Entities 3.1 build: 9470 released: 2011-09-02
Converts HTML/XML/XHTML entities to char and back, also strips HTML/XML/XHTML tags.
Copyright: (c) 2012 Canadian Mind Products.
Java application.
Download from: http://mindprod.com/products1.html#ENTITIES
===> Free <===
Full source included.
You may even include the source code, modified or unmodified
in free/commercial open source/proprietary programs that you write and distribute.
May be used freely for any purpose but military.
For more details on this restriction, see
http://mindprod.com/contact/nonmil.html
If you include any Canadian Mind Products code in your own applications,
your app too must be labeled non-military use only.
All Java jars and source code are included.
----
Prerequisites:
This program runs under any OS,
(e.g. Win2K/XP/Vista/W7x86/W7-64/OSX/Linux/Solaris/AIX...) so long as you have
<><> Java version 1.5 <><> or later installed (32-bit or 64-bit Java).
See http://mindprod.com/jgloss/installingjava.html for details.
----
Installing on a PC:
Download source and compiled class files to run on your own machine as an application.
First install a recent Java JDK or JVM.
See http://mindprod.com/jgloss/installingjava.html.
To install, extract the zip download with WinZip
(or similar unzip utility) into any directory you please,
often J:\ -- ticking off the "use folder names" option.
To run as an application,type:
java -ea -jar J:\com\mindprod\entities\entities.jar {put any parms here}
adjusting as necessary to account for where the jar file is.
----
Installing on a MacIntosh:
Use Safari to download source and compiled class files to run on your own machine as an application.
Safari will automatically unpack the zip into ~/Downloads (version 10.5)
[or on the Desktop (version 10.4 and earlier)].
First install a recent Java JDK or JVM.
See http://mindprod.com/jgloss/installingjava.html.
You may optionally move the download tree to a permanent home.
I don't have a MacIntosh, just a PC, so I can't test my Java programs for Mac compatibility.
In theory they should work without problems, but in practice that does not always happen.
If you have problems please, let me know, preferably with screenshots and complete verbatim error messages.

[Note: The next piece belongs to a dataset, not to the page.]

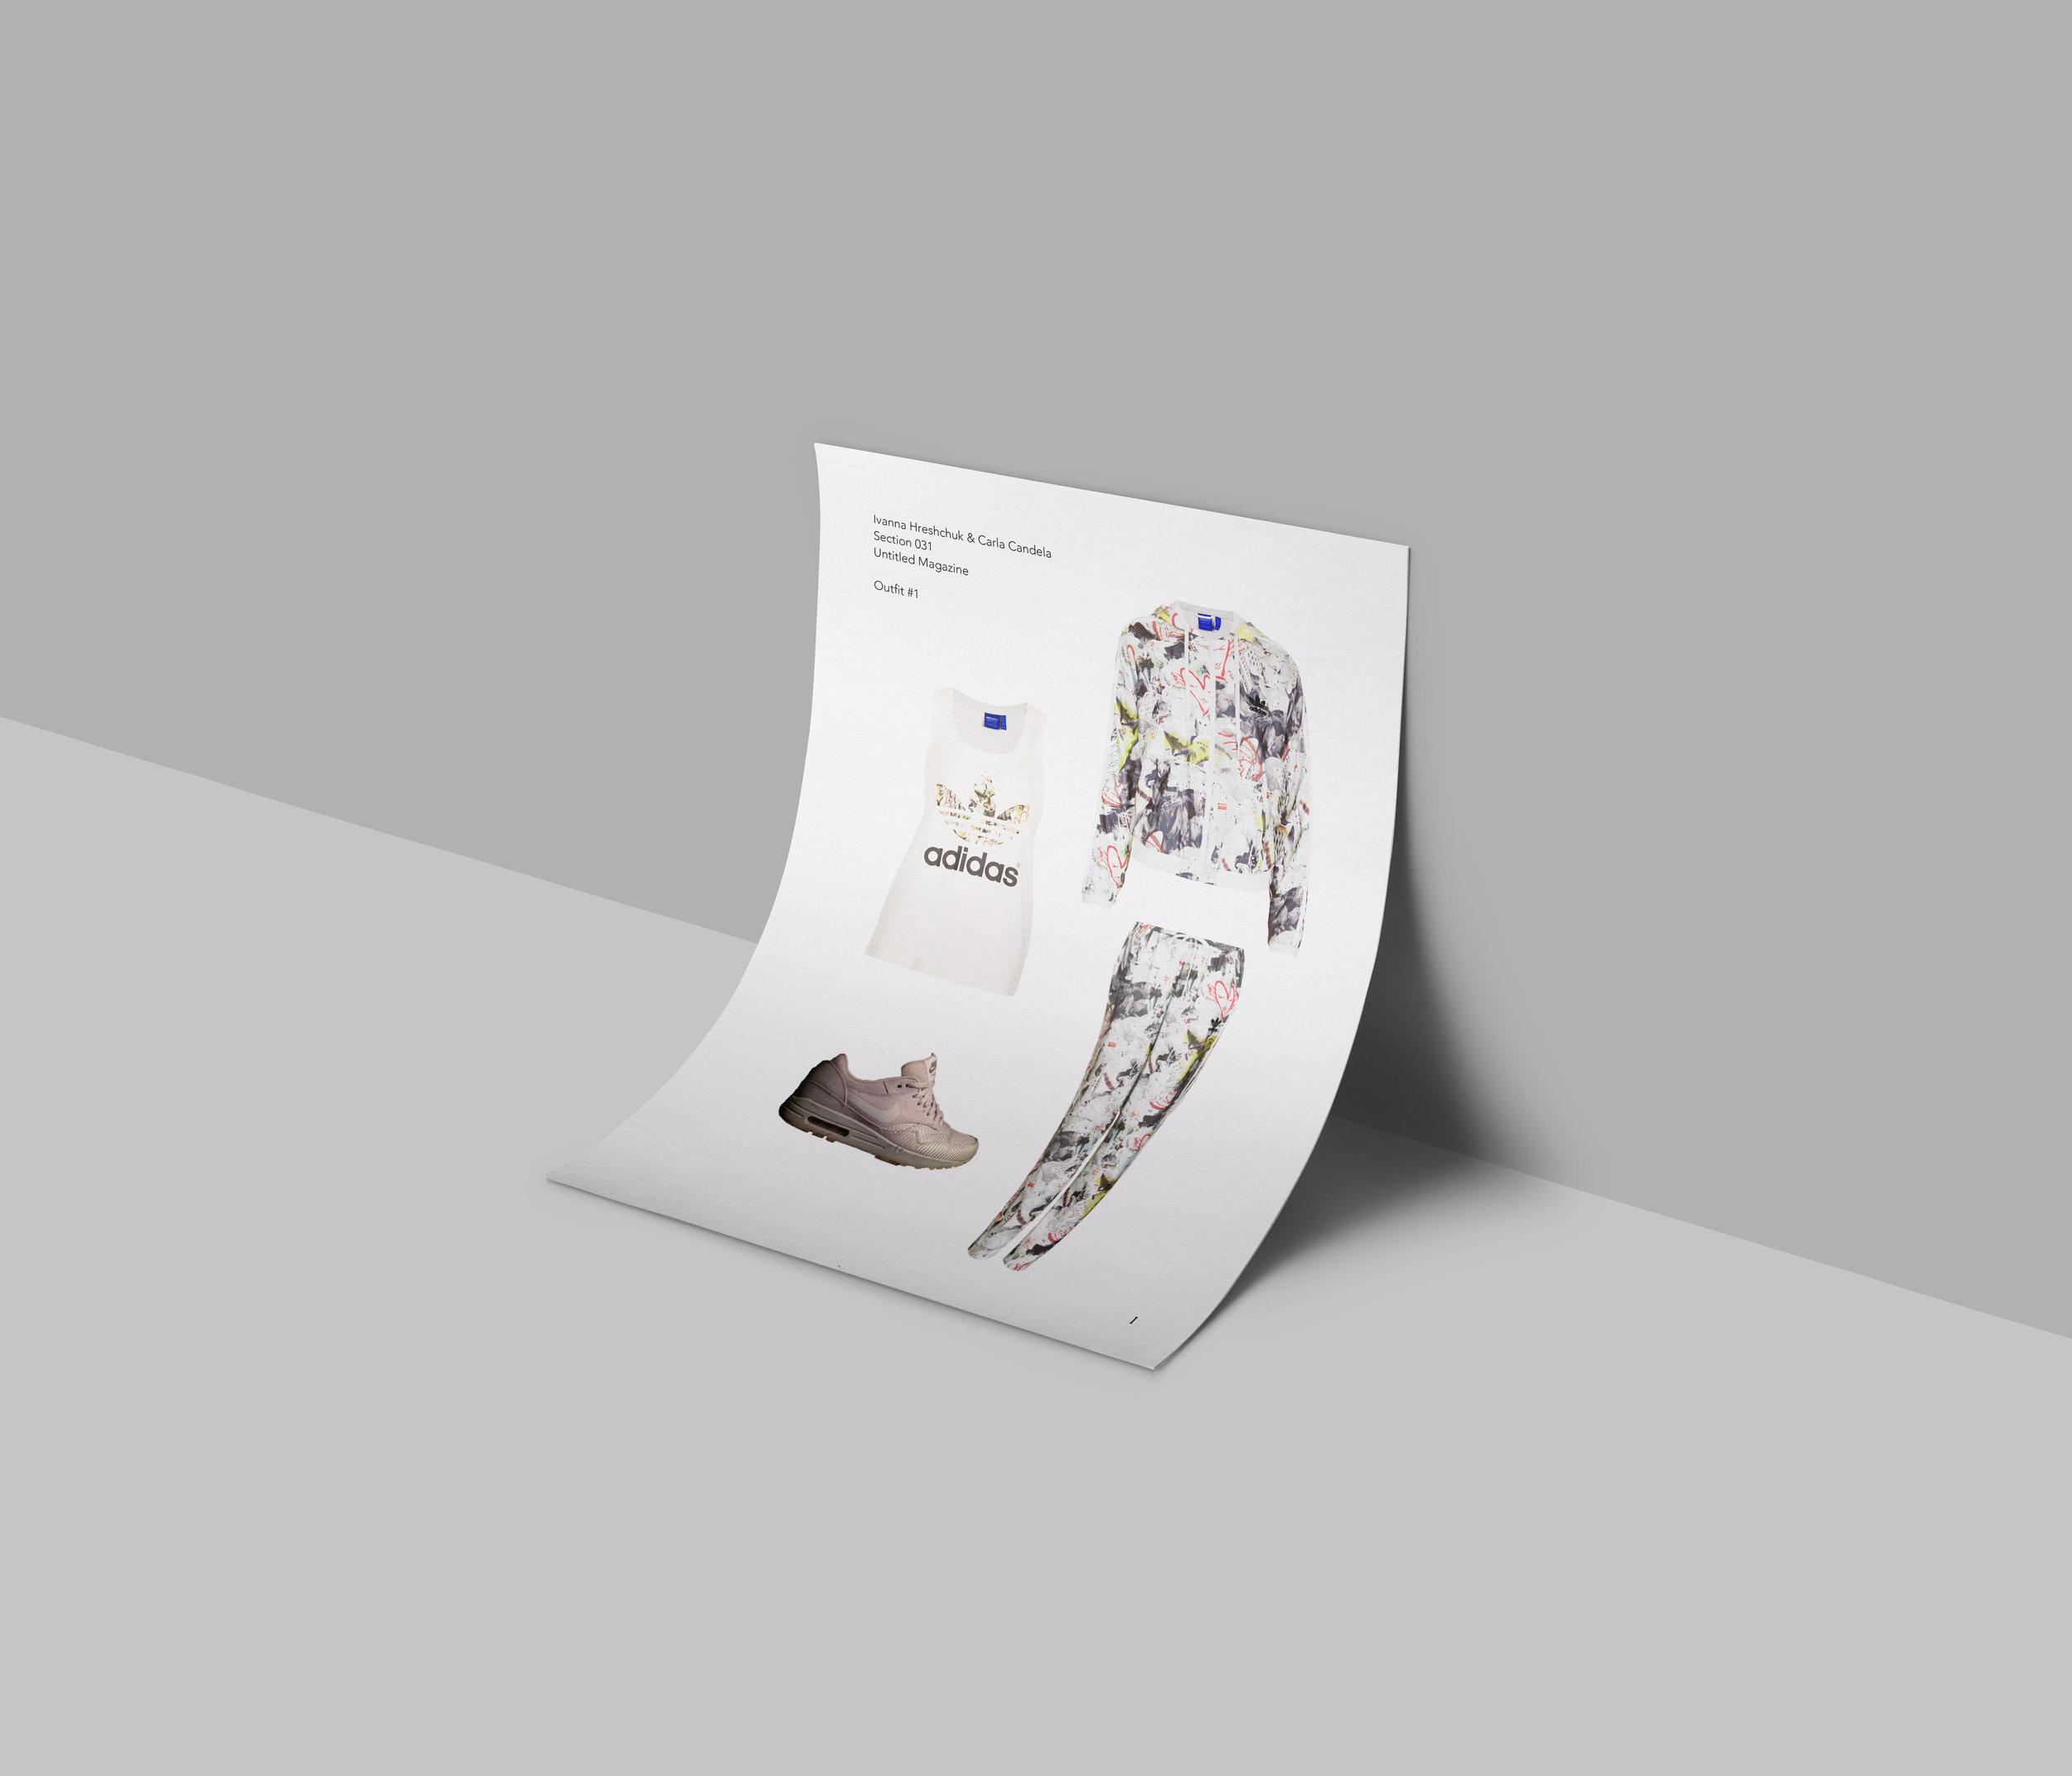 Distorted-Reality-Ivanna-Process-1.jpg

To run as an application, without parameters, just double click the jar file.
To run as an application with parameters, in bash shell type:
open Terminal.app
cd ~/Desktop
java -ea -jar com/mindprod/entities/entities.jar {put any parms here}
adjusting as necessary to account for where the jar file is.
----
Rebuilding:
The zip already contains the necessary class and jar files, so unless you modify
the program, there is no need to recompile the source or rebuild the jar.
Configure.java basedir="E:/" in rebuild.xml to the drive where your files are.

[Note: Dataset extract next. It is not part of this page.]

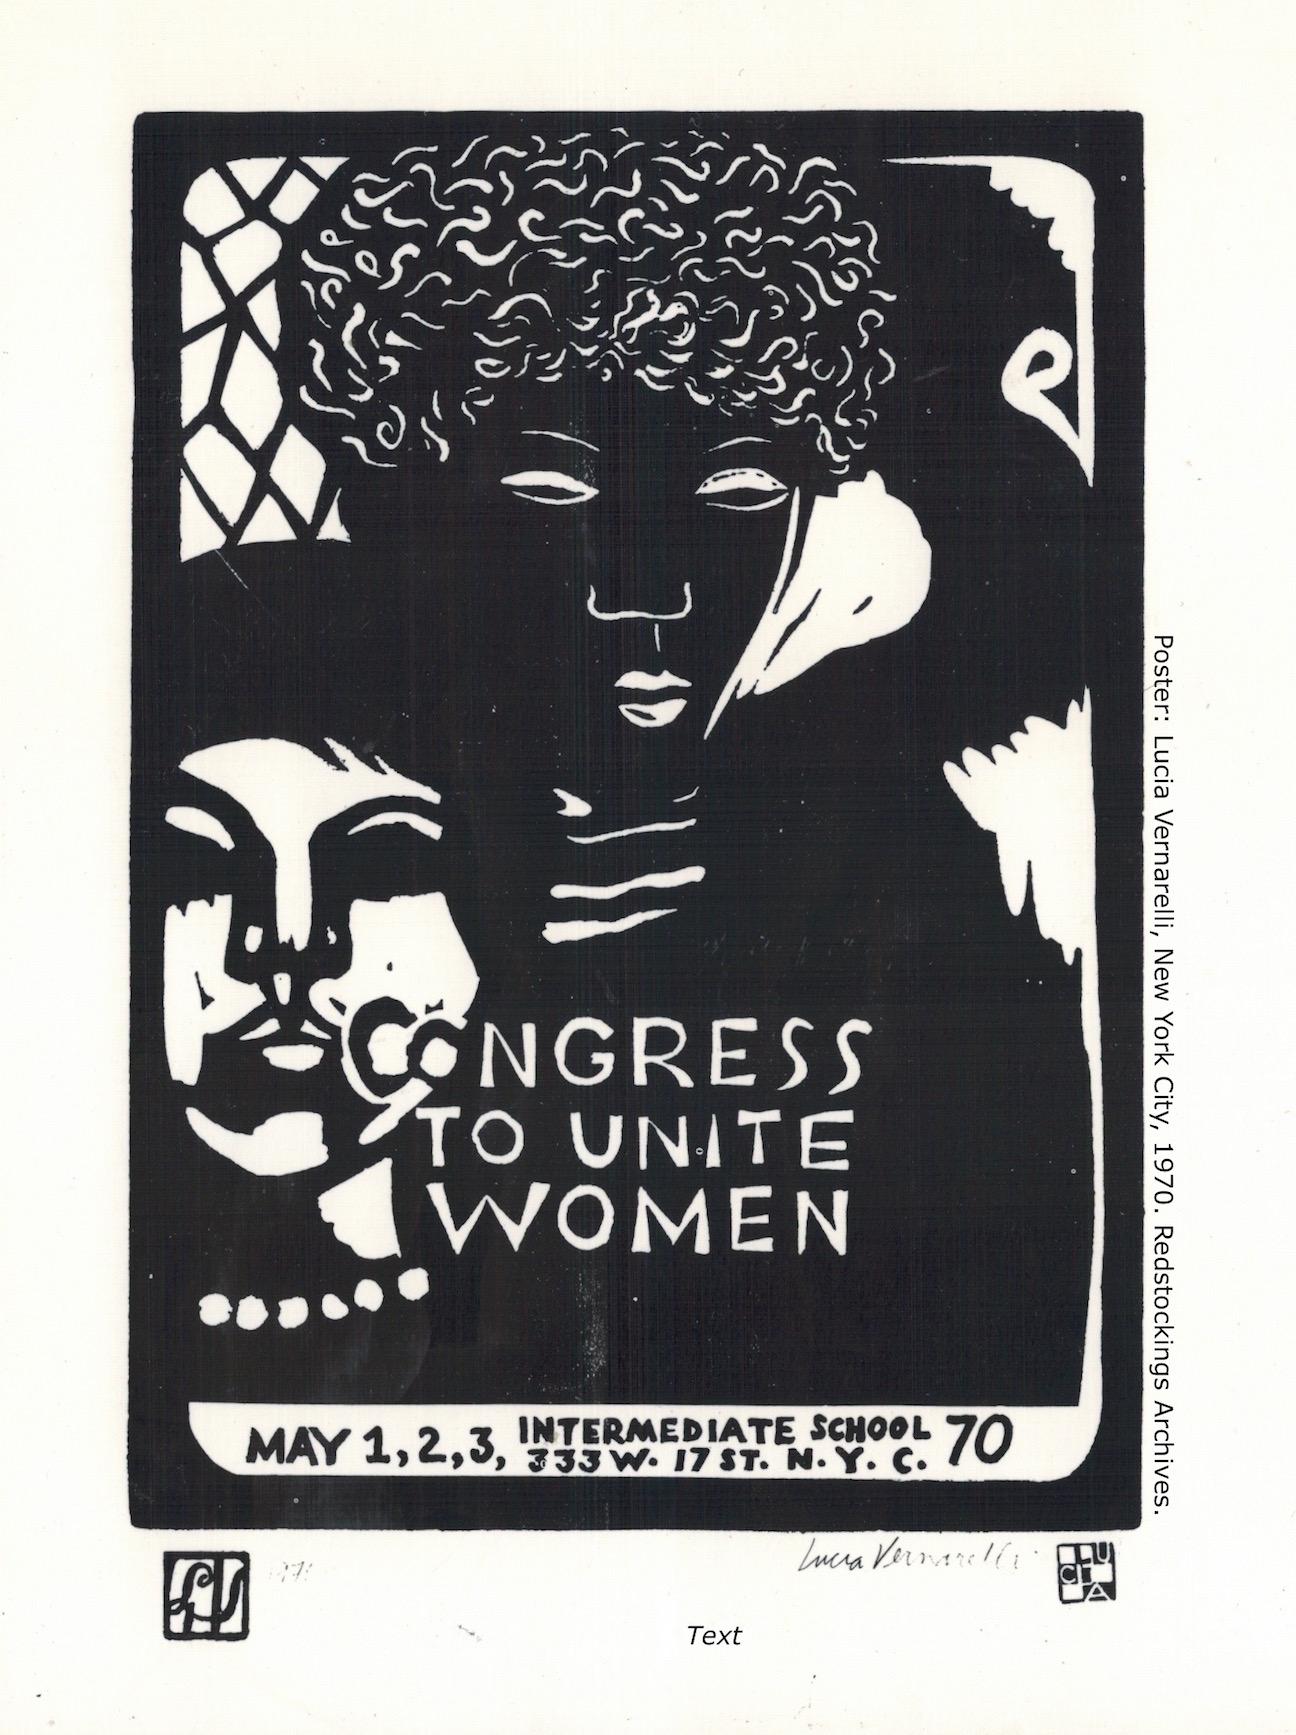 5. Lucia Vernarelli, New York City, 1970. Redstockings Archives

Use ANT and rebuild.xml, not build.xml, to recompile and recreate the jar.
----
Use:
Consists of a three utilities that let you convert/strip/insert HTML
entities such as & and " from files converting them back and
forth to their equivalent single characters & and ". It handles the HTML
4 entities such as ♥ as well as decimal { and hexadecimal
&x#123; entities.
You may us this package as standalone utilities, or use the classes in
your own programs to insert or strip entities from HTML.

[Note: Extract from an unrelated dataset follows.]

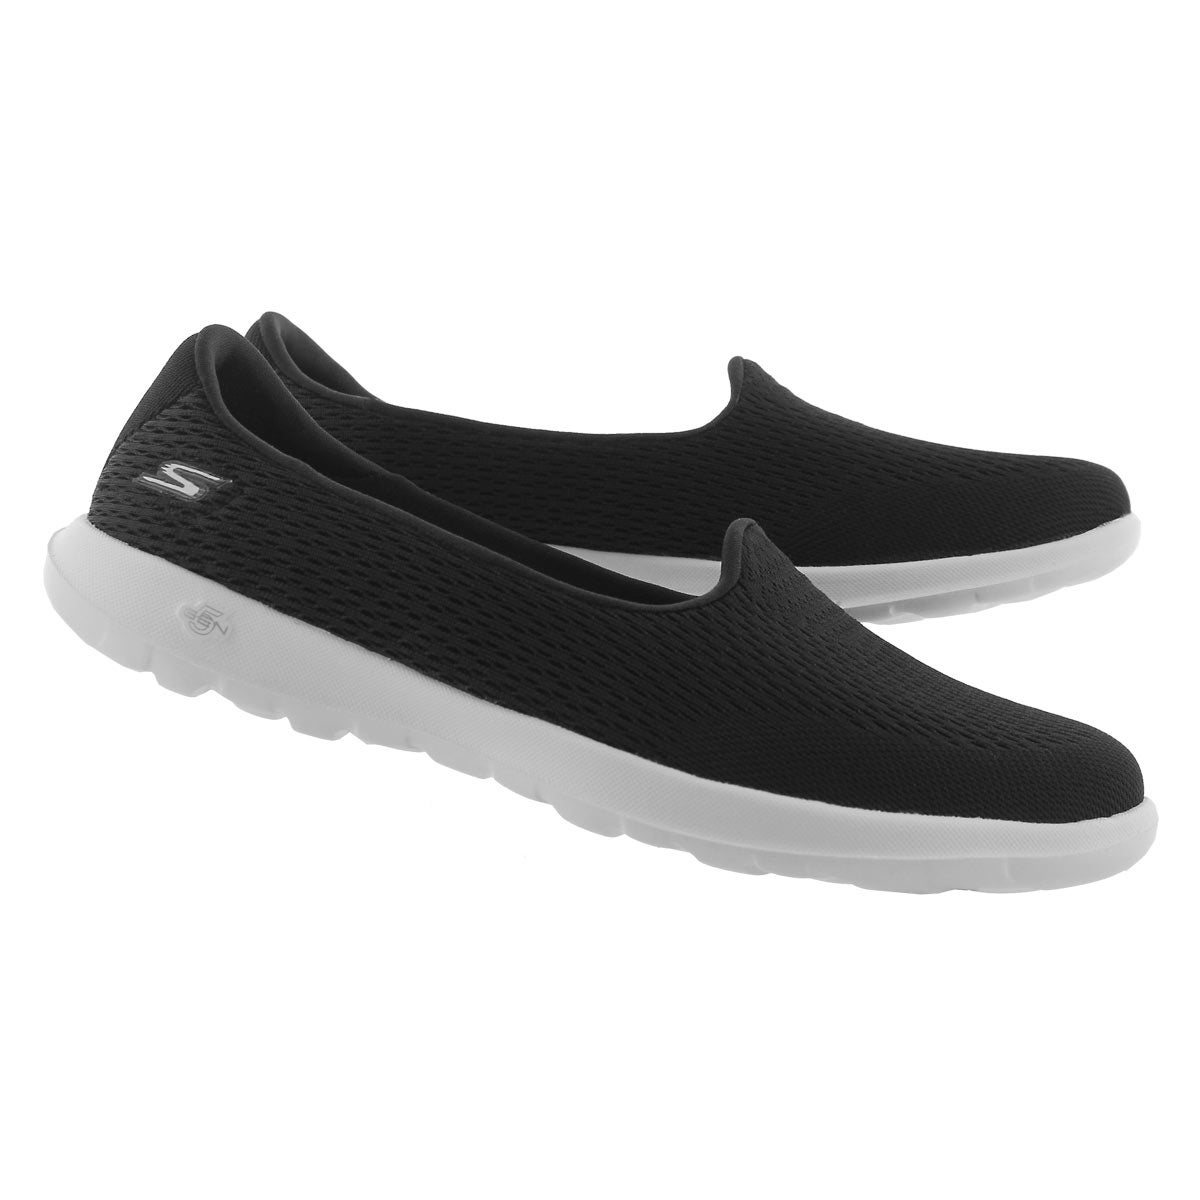 Lds GO Walk Lite blk/wht slip on shoe

You can use them like this:
REM to remove & entities and HTML tags from from two files and all files in somedir
REM converting entities back to characters
flatten.jar afile.html another.html -s somedir
REM to convert & to & etc. entities in two files and all files in somedir
entify.jar afile.html another.html -s somedir
REM to convert entities in in two files and all files in somedir back to UFT-8 chars
REM leaving all HTML tags as is.
deentify.jar afile.html another.html -s somedir
They come complete with Java source and jar files.
----
Version History:
1.0 2004-01-01 initial version
1.1 2004-01-01 optimise using
text.indexOf('&') and sb.append(string) rather
than processing character by character.
1.2 2004-07-21 add stripHTMLTags -
stripFile also strips tags - add stripNbsp
1.3 2005-06-20 fix bug in possEntityToChar
exposed possEntityToChar as public
1.4 2005-07-02 check for null input
1.5 2005-07-29 no longer needs entitiestochar.ser
file. Converted to JDK 1.5 back to 1,2
1.6 2005-09-05 faster code for stripHTMLTags that
returns original string if nothing changed.
1.7 2005-09-05
1.8 2007-02-26 fix bug. hex entity it not &x#ffff;
1.9 2007-03-26
2.0 2007-04-26
2.1 2007-05-10
2.2 2007-05-14 StripHTMLTags now strips applet, style, script pairs.
generate hex entities as comments in entitycase.javafrag
2.3 2008-07-29 refactor code for Entities, add notes to chars, add a few new missing Entities.
2.4 2008-08-05 add translateNbspTo parameter to several methods and deprecate the versions without it.
This allows you to directly control how is translated, usually ' ' or (char)160.
Renamed methods to make it clearer just what sort of input is expect.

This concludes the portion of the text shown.